We are now in the height of asparagus season. I went to Fifers farm market and picked up some thin asparagus for stir fry and thick asparagus for roasting. The asparagus was beautiful.
I also picked up some snap peas, mushrooms and carrots. These are what I used for my stir fry, you can add other vegetables, such as tomatoes, peas, or whatever you like in your stir fry. I found some organic cremini mushrooms – so they just had to go into the stir fry.
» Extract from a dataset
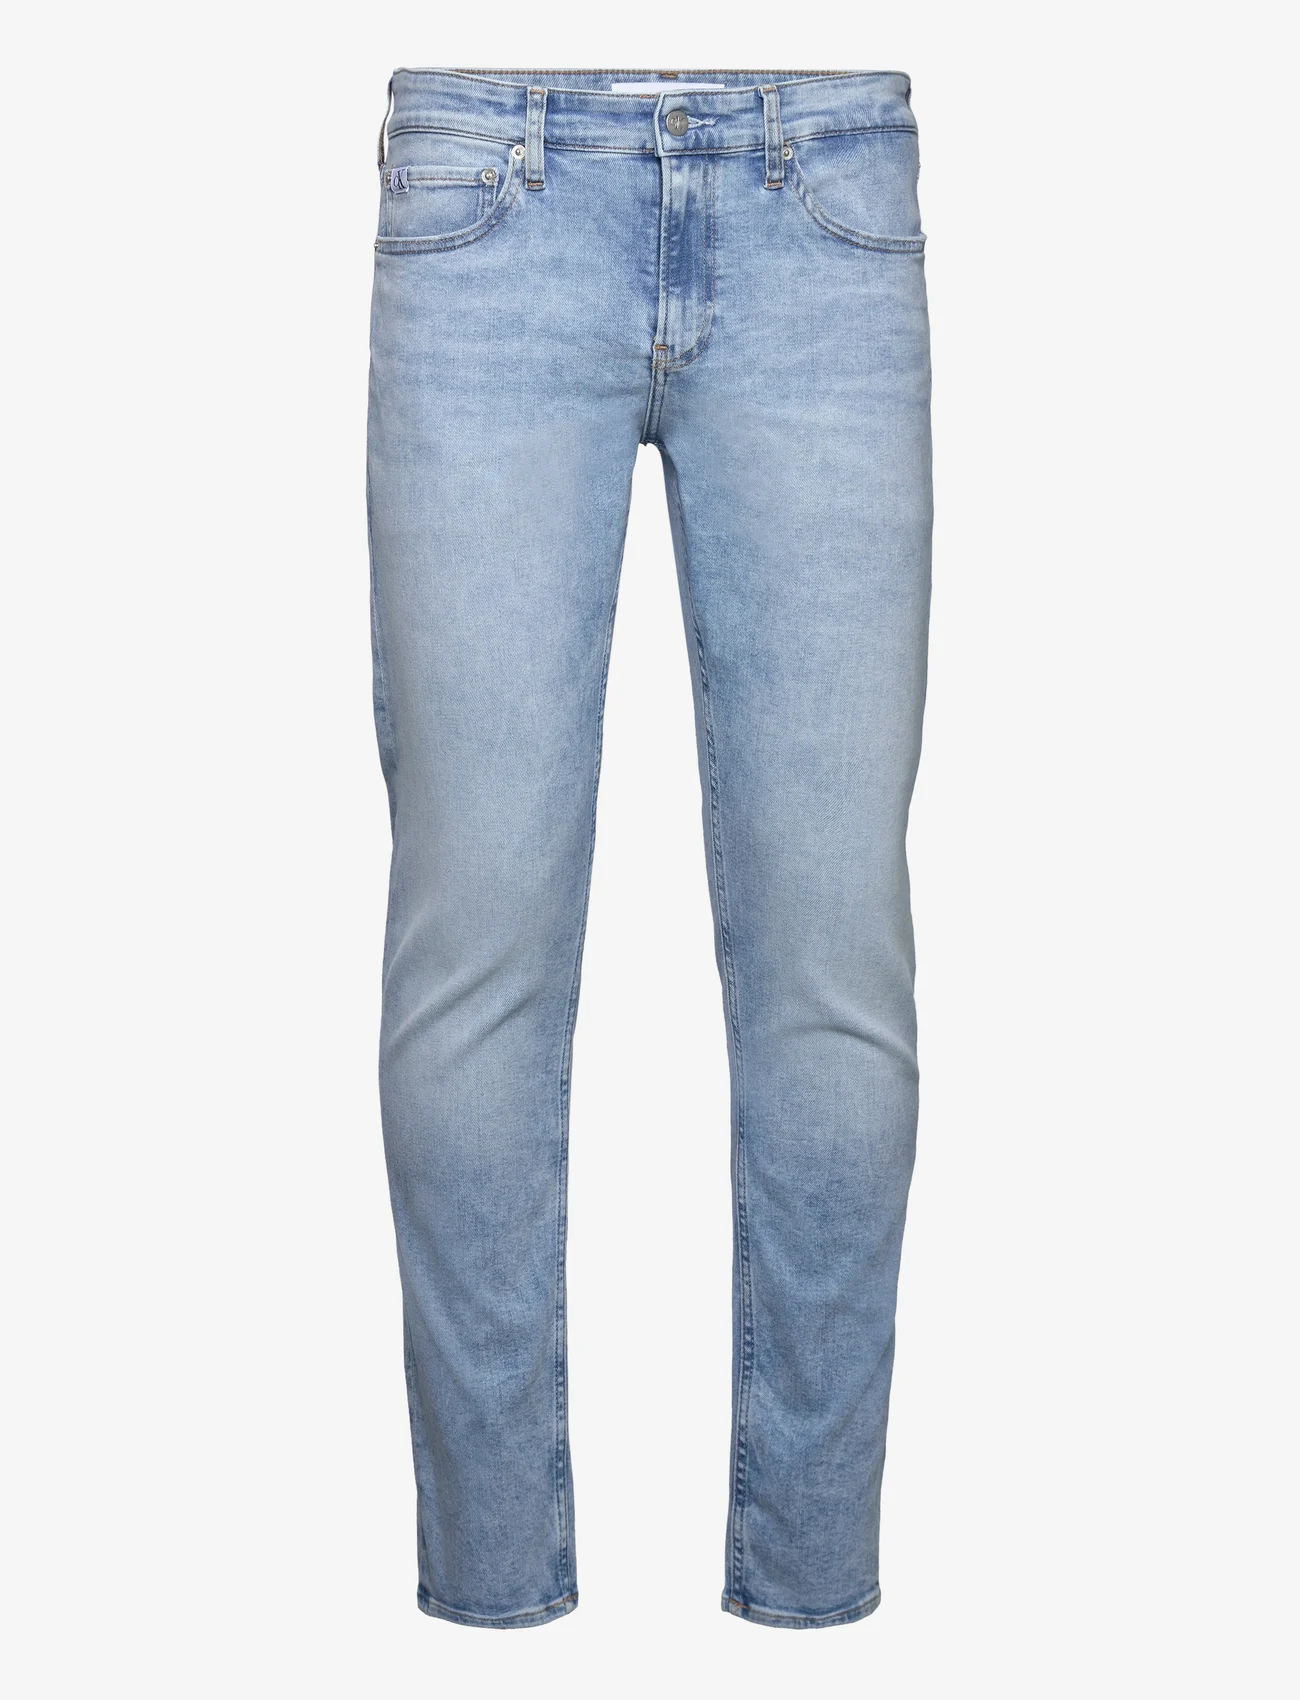 Calvin Klein Jeans - SLIM - slim jeans - denim light - 0

This is a nice sauce, you can adjust the heat with how my sriracha you use, it doesn’t take much.
Sesame Asparagus Stir Fry
2 Tbsp canola oil
1 to 1 1/2 lbs asparagus (from Fifer Orchards)
4 ounces cremini mushrooms, sliced (locally grown)
3 carrots, sliced on the diagonal
4 ounces sugar snap peas, cut into thirds
1/4 cup white wine
1/4 cup soy sauce
1/2 Tbsp sesame oil
A touch of sriracha, to taste
2 cloves garlic, minced (from the garden)
1 tsp onion powder
1/2 tsp ground ginger
1 Tbsp sesame seeds, plus more for garnish
1 Tbsp cornstarch
Hot cooked rice
Snap off the thick bottoms of the asparagus, cut into approximately 1 1/2 inch pieces.
Prepare the sauce: Stir together the wine, soy sauce, sesame oil, sriracha, garlic, onion powder, ginger and sesame seeds. Adjust to taste. Stir in the cornstarch.
Heat a wok or large skillet over high heat. Add the oil and vegetables. Stir fry for 5 to 8 minutes, then cover the pan and steam the vegetables for 1 to 2 minutes. Remove the cover and continue to stir fry until the vegetable are crisp-tender. Add the sauce and stir fry for another minute until the sauce thickens and coats all the vegetables.
Serve with rice. Garnish with a sprinkling of sesame seeds. Enjoy!